I remember Franco, my best friend telling me "Kat, maybe sometimes it's okay to be cliché. But then again it's more fun being an outcast!" I really had no idea what the fuck he was talking about since everyone likes him. I kinda hate him, but I kinda don't. To be honest it's hard not to hate him most of the time. He's good at everything. He beats me at almost everything. But he's so good natured about it. So modest. Ugh. There are only two things I seem to excel at; swimming and science. Funny right? The two things that will basically get me nowhere in life.
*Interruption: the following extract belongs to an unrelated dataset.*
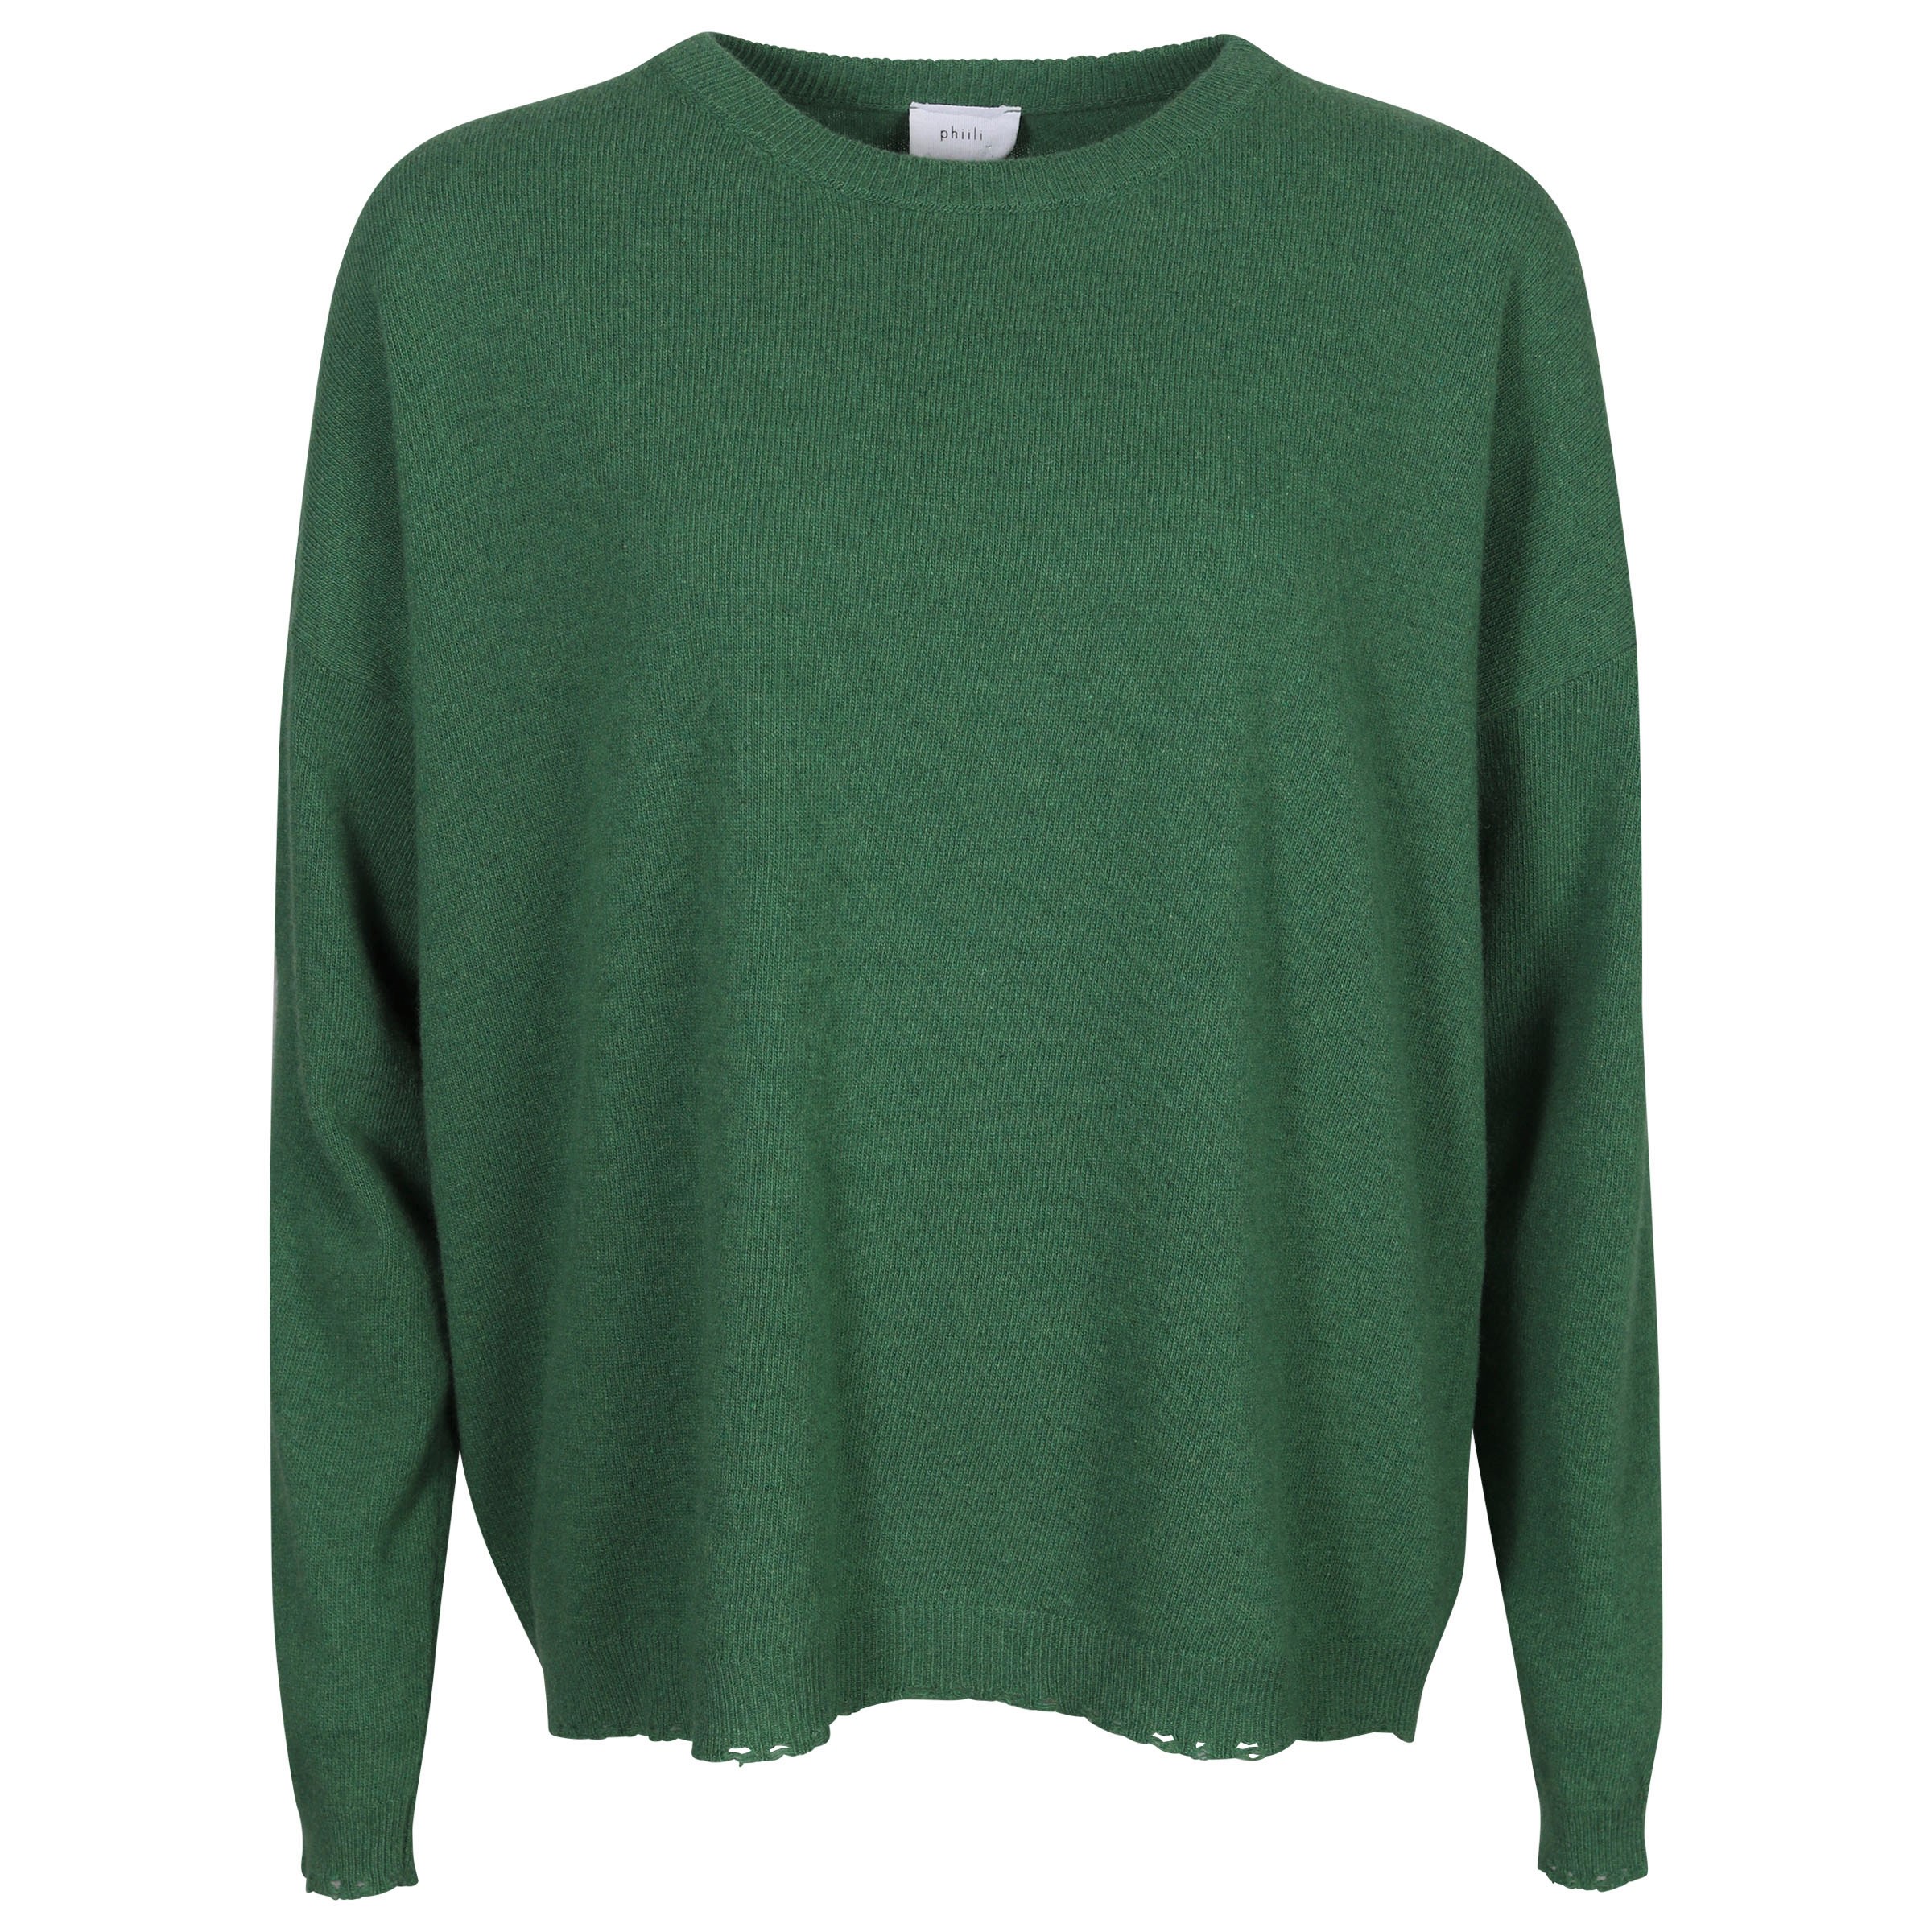 Phiili Recycled Cashmere Sweater in Green XS/S

For some reason, people see me as the 'approachable' one. I'm one girls will come up to and ask whether my friend is single or not. I honestly don't understand why. Who would want a tanned, green eyed latino with midnight blue hair, when they could have a skinny, sarcastic, asian boy with Harry Potter glasses? Personally, I don't see it. Is it bad that I find myself funny? Because I'm hilarious. Just saying.

Arriving at the lake, I quickly remove my clothes, making a pile consisting of: a green t-shirt, grey boxers, grey joggings and a pair of navy blue socks. I remove my glasses and place them just next to the pile. I'm not gonna say I'm not proud of my body because that would be a lie. But, it's basically the only thing I've got going for me. All those years of swimming did eventually pay off. One day, I was all skin and bones and then BAH DA BOOM! Suddenly,  I wake up to washboard abs and toned muscles. I run across the dock and dive into the freezing cold lake. I let out a manly, high pitched yelp as soon as I hit the water. I urge my muscles to work and soon I fall into a steady rhythm. Five strokes, breath, Five strokes, breath. The freezing water cools my burning muscles. The adrenaline pumps through my veins as I push through each stroke. Every cell in my body is on fire, but I push my aching limbs to keep going. The thrilling emotion in my stomach gets bigger and deeper after every breath and ever kick. I'm laughing as exhaustion seeps into my body and I climb back onto the dock, gasping for breath. Smiling to myself as I struggle to put on my clothes, it's only now that I realise how much I need to sleep. Slowly, I return without looking back.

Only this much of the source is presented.